■ TASK TO COMPLETE ■
Could you transcribe all of the data exactly and skip any pictures?

■ DATA SEGMENT ■
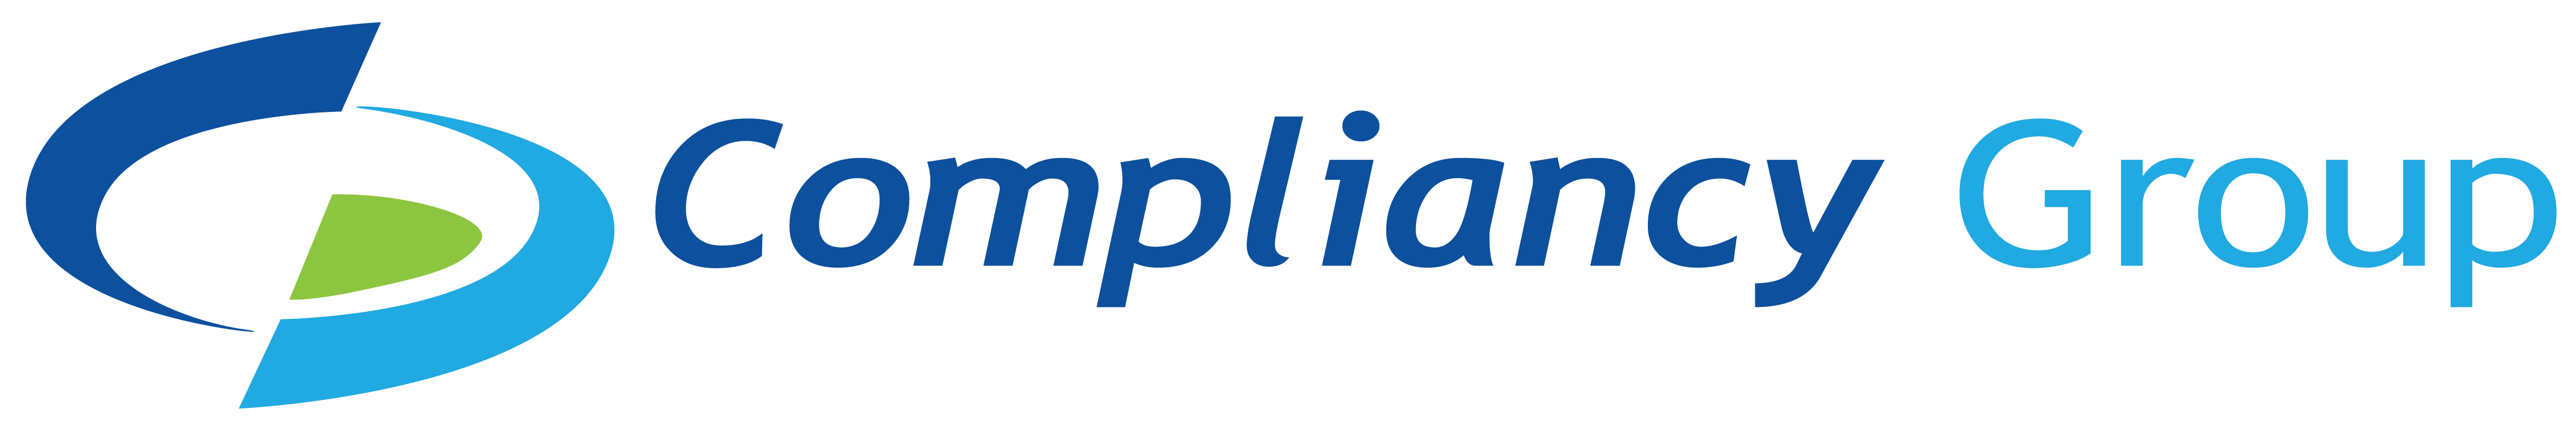 Compliancy Group LLC logo
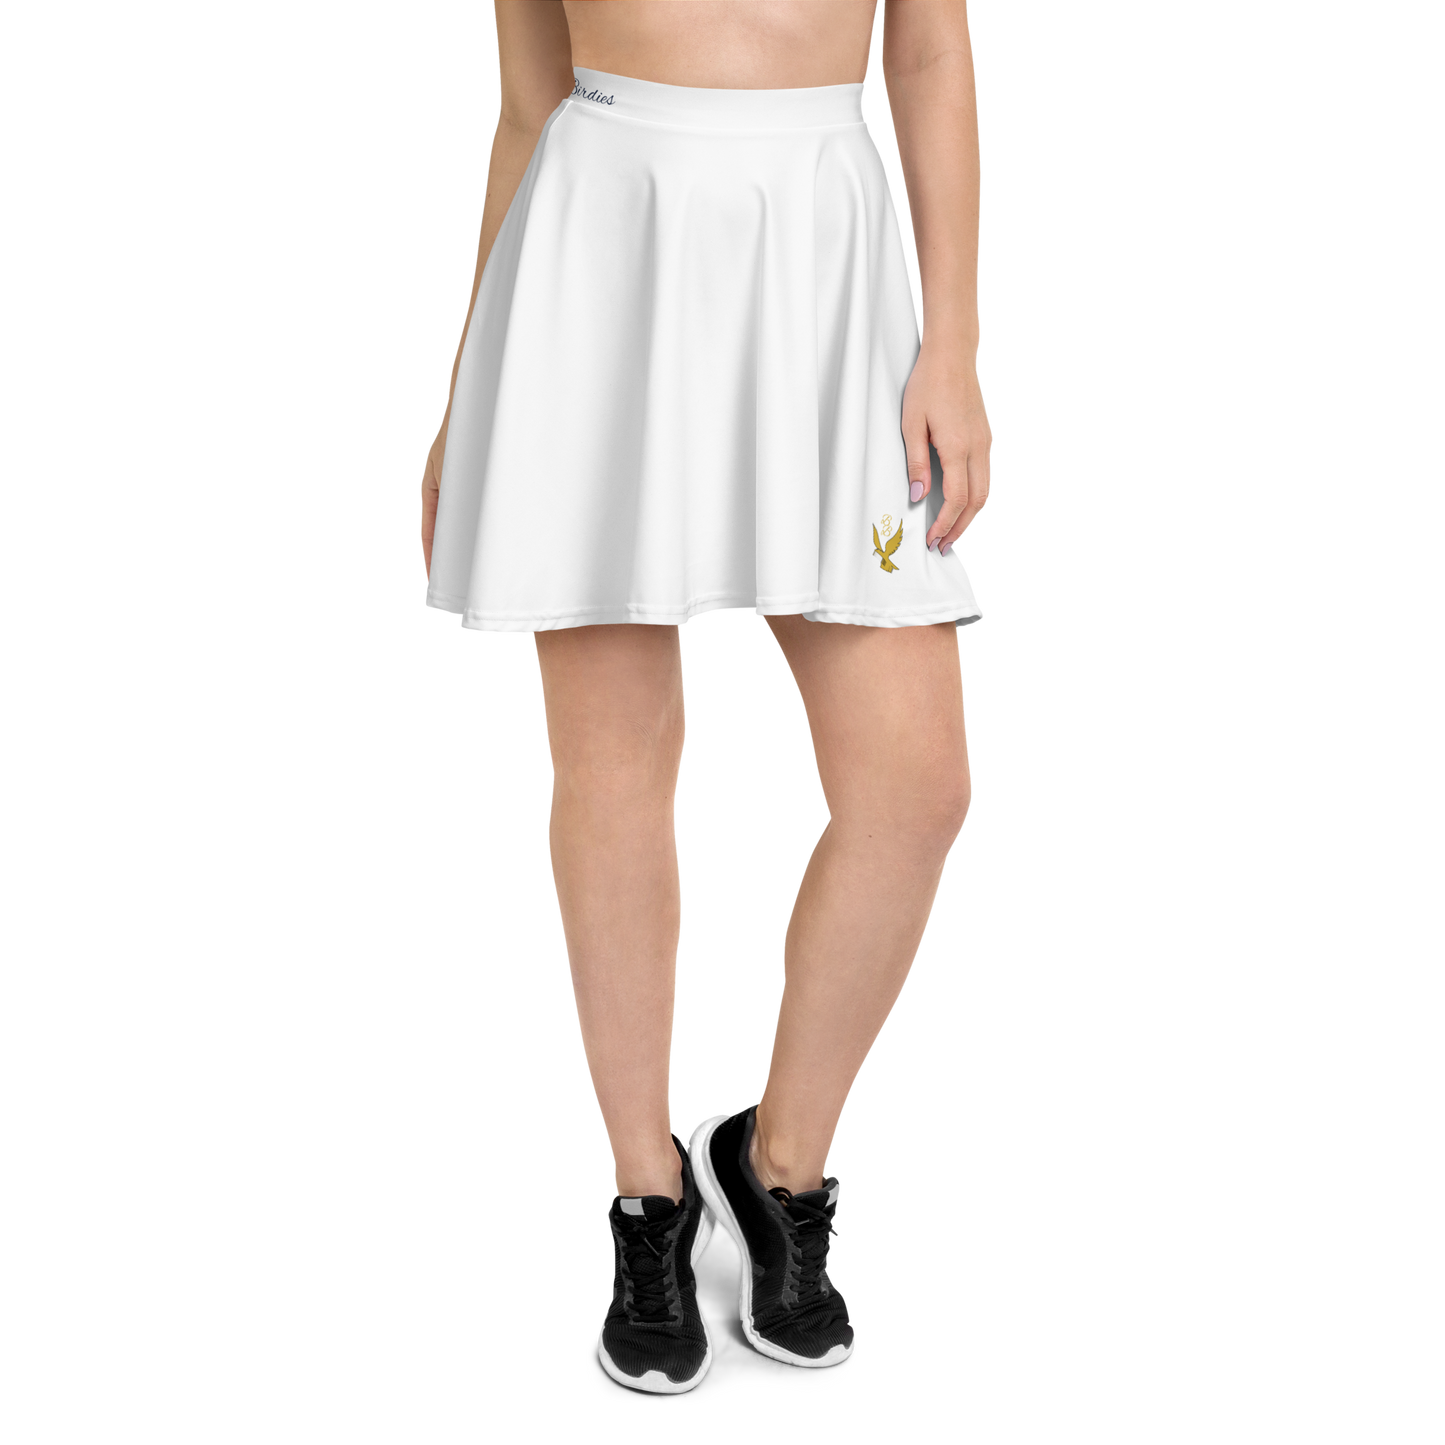 The Women's Glide Golf Skirt
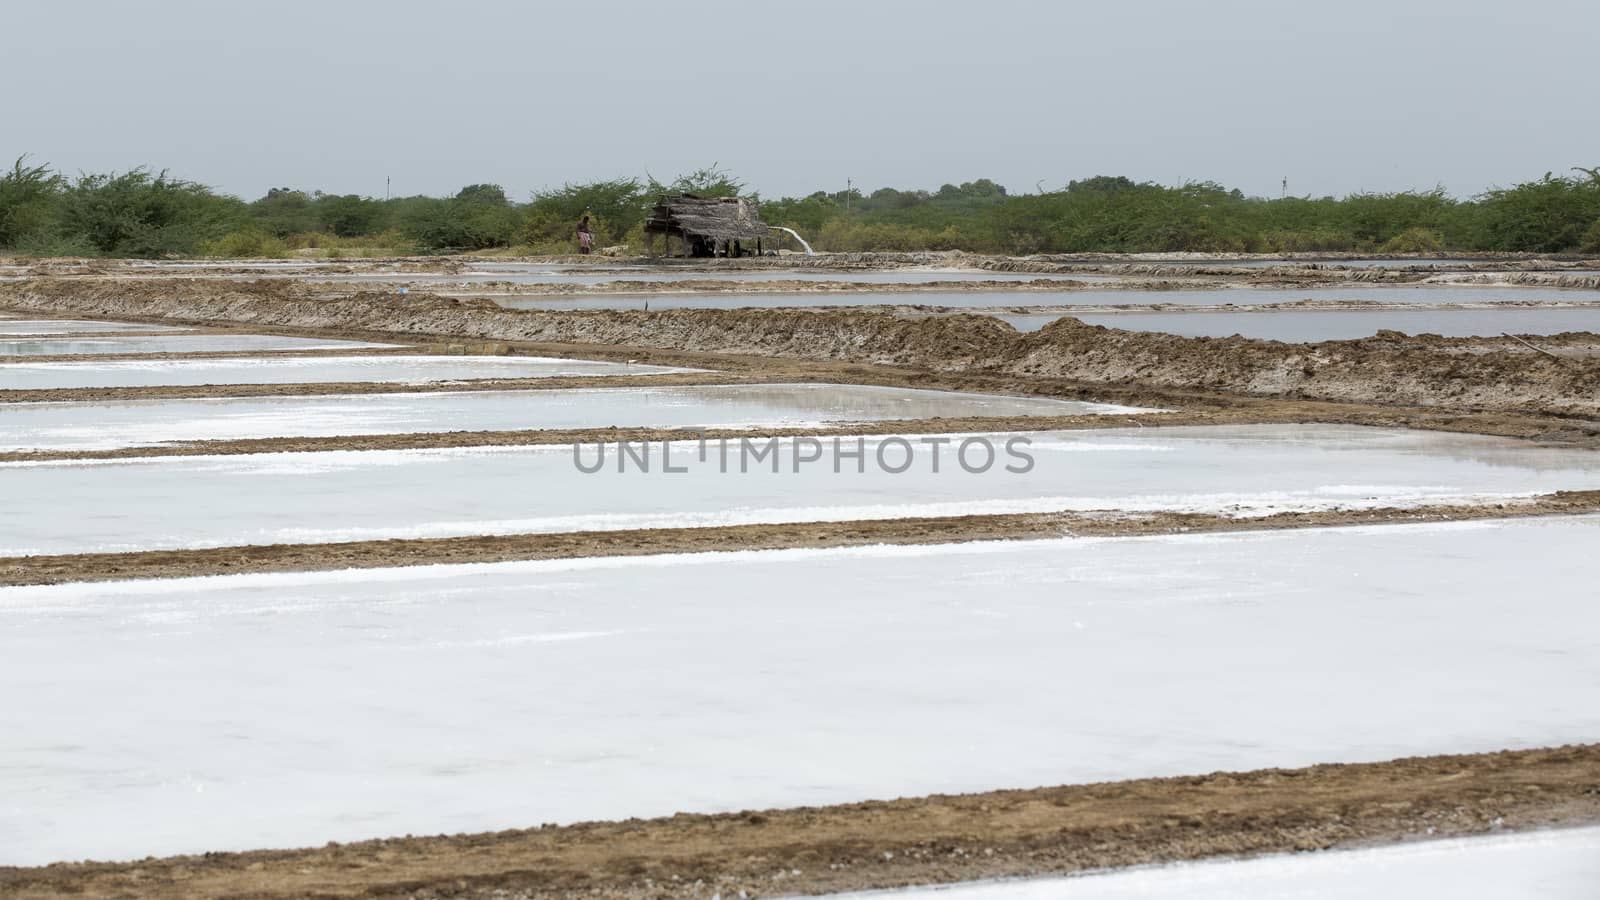 Agricultur wokers in salt field, India Tamil Nadu Pondicherry aera.

■ OUTPUT FOR THIS EXERCISE ■
 Compliancy Group LLC logo
 The Women's Glide Golf Skirt
 Agricultur wokers in salt field, India Tamil Nadu Pondicherry aera.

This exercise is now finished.